Chatham Lodging Trust is an internally managed Maryland REIT that owns 37 hotels (5,596 rooms) across 16 states and D.C., concentrated in premium-branded upscale extended-stay and premium select-service/all-suite properties. The company holds hotels through an operating partnership and leases them to taxable REIT subsidiaries that engage third-party managers; as of year-end all properties were managed by Island Hospitality Management (IHM), a company wholly owned by the CEO. Room revenue is the dominant revenue stream (~91.5% of total) and the firm pursues disciplined acquisitions, opportunistic repositioning, and selective development while maintaining conservative leverage (~23% net debt to hotel cost). Key dependencies include long‑term franchise agreements, related‑party management fees (~$10.7M in 2024), and sensitivity to business‑travel demand and seasonality.
Given the REIT/hotel operating model, executive pay is likely driven by portfolio and asset‑level operating metrics—same‑property RevPAR, occupancy, ADR, Adjusted Hotel EBITDA, FFO/Adjusted FFO and successful execution of acquisitions/dispositions and repositionings. Compensation packages at Chatham are likely to blend cash salary and annual bonuses tied to short‑term operating metrics (RevPAR, NOI, EBITDA) with longer‑term incentive awards linked to FFO, total shareholder return or multi‑year performance targets to align with REIT distribution and capital‑allocation goals. The CEO’s ownership of IHM (the manager that earns material management fees) creates a direct related‑party nexus that can influence pay outcomes; robust oversight by the compensation committee, clear disclosure of management fee arrangements and performance‑based fee components are important mitigants. Finally, REIT tax/qualification rules and the need to preserve distributable cash flows will constrain overly equity‑heavy or cash‑consuming pay designs.
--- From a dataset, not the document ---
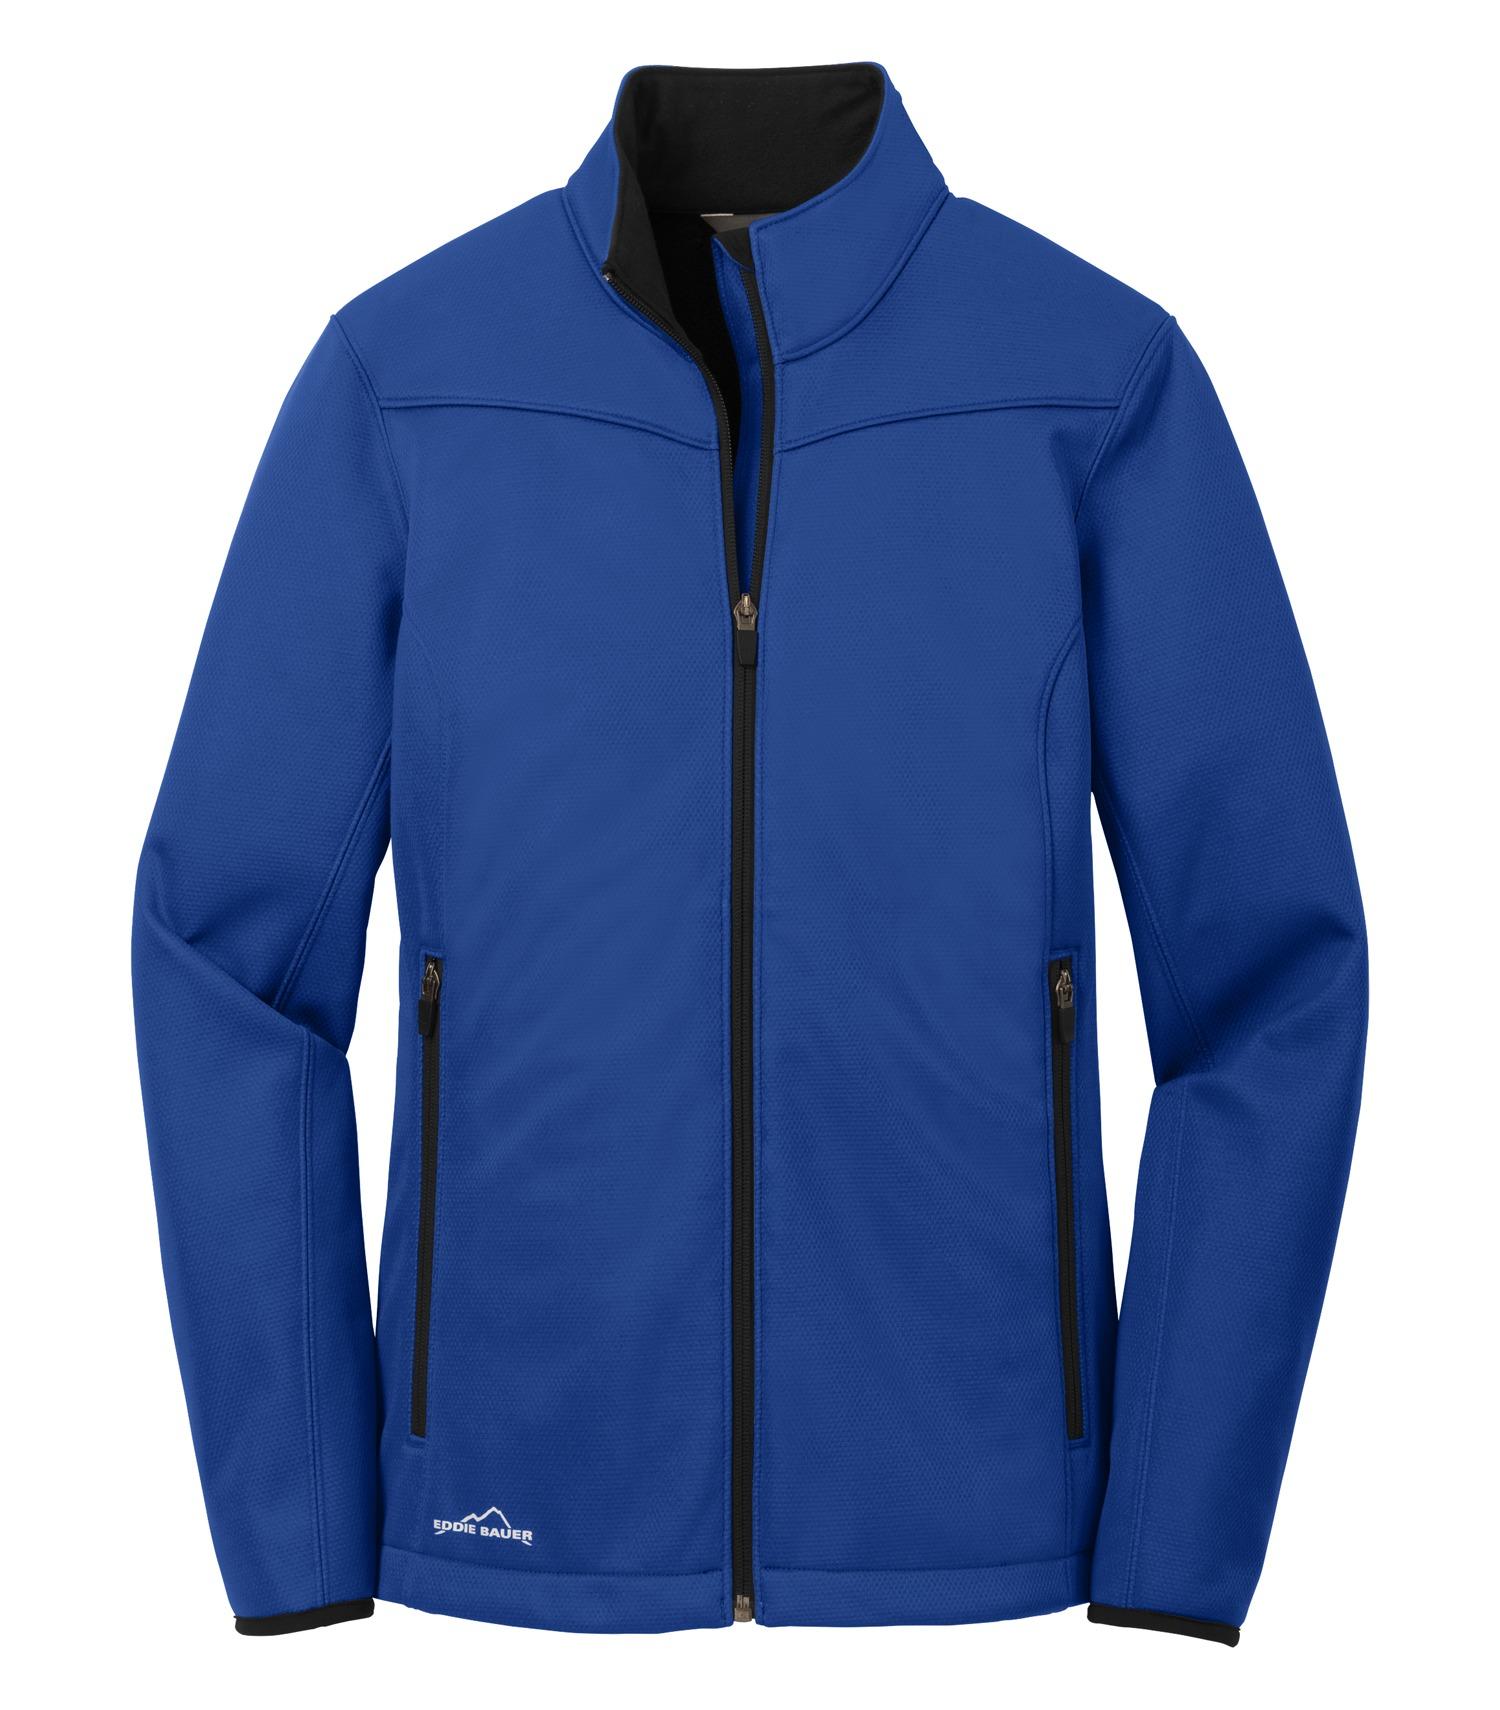 983dfb3cc5239 Eddie Bauer EB539 - Weather Resist Soft Shell Ladies' Jacket   Wordans
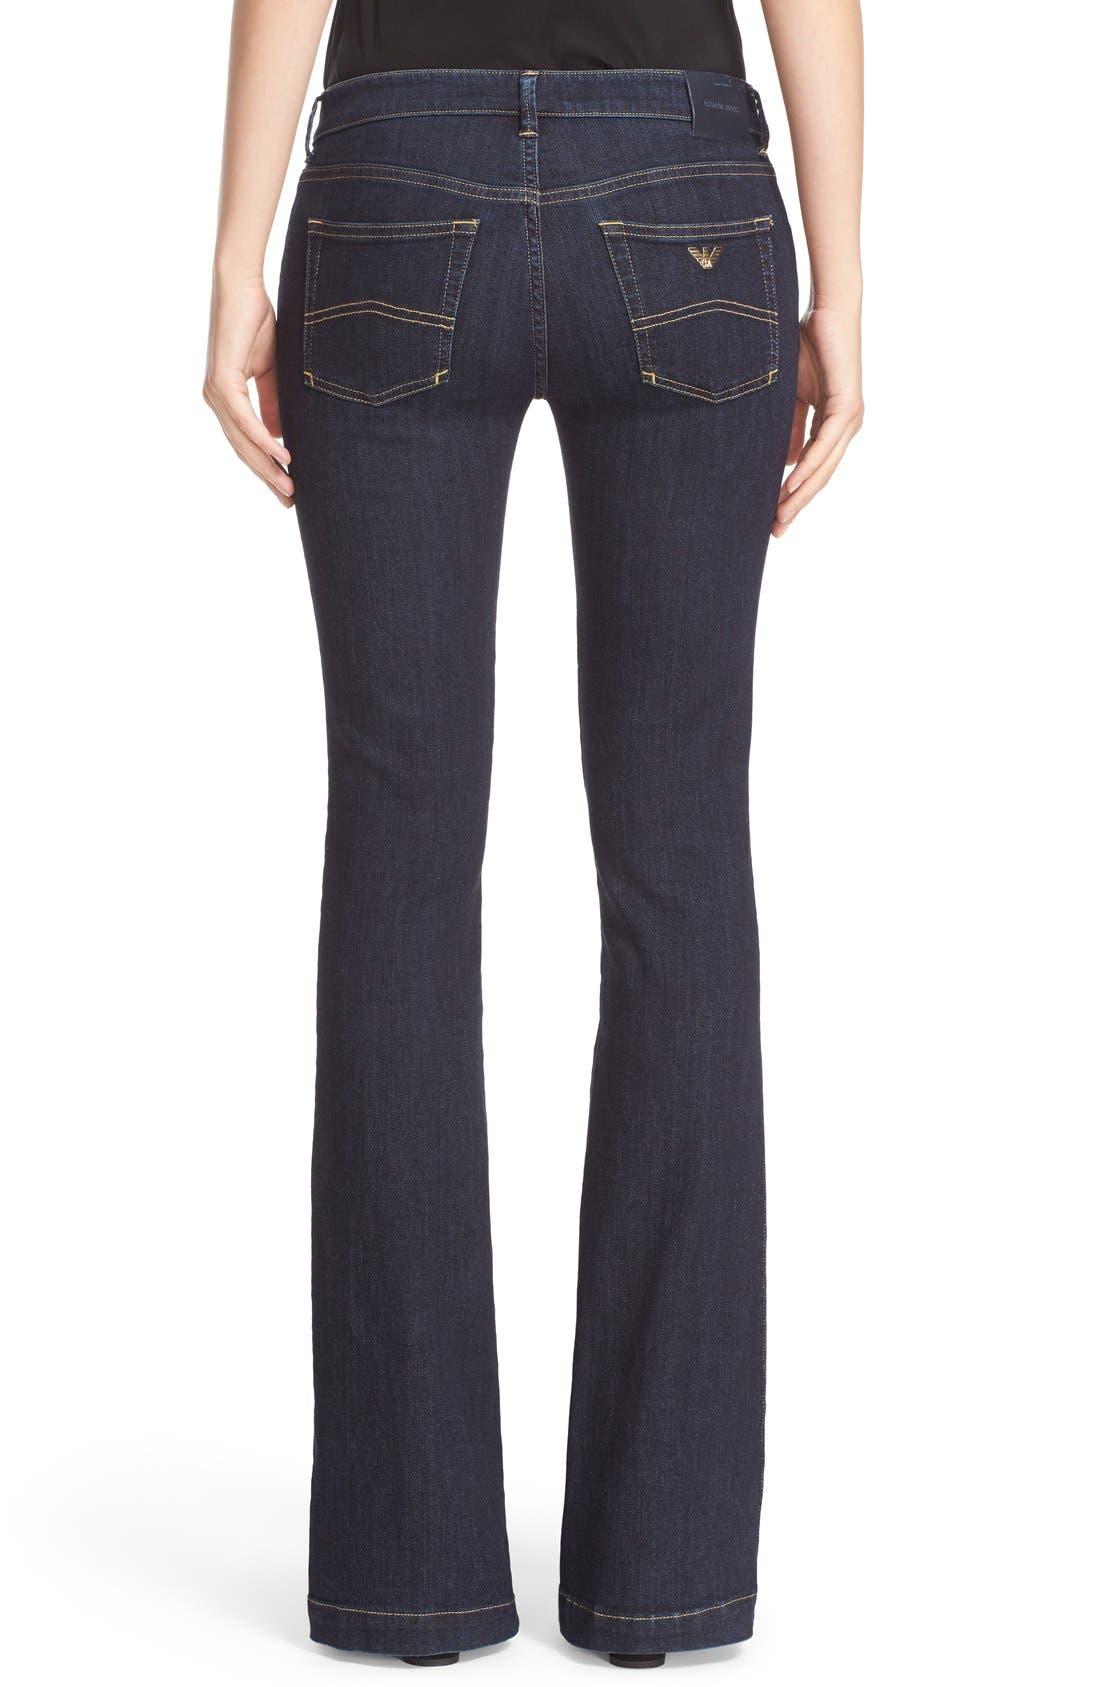 Armani Jeans Bootcut Jeans,                             Alternate thumbnail 6, color,                             400

Insider trading patterns at Chatham can be influenced heavily by related‑party cash flows (management fees paid to IHM), timing of asset sales or acquisitions, and visibility into near‑term RevPAR and disposition proceeds—events that materially affect FFO and dividend capacity. The CEO and other insiders have concentrated access to material nonpublic information due to a small corporate team and the CEO’s dual role as manager‑owner, so expect formal trading windows, blackout periods around earnings and major transactions, and the potential use of Rule 10b5‑1 plans. Watch insider activity around refinancing maturities and capital raises (notably the ~$140M term loan and near‑term principal obligations), dividend announcements, and large dispositions—investor scrutiny and regulatory disclosure around related‑party transactions make insider sales especially sensitive signals to the market.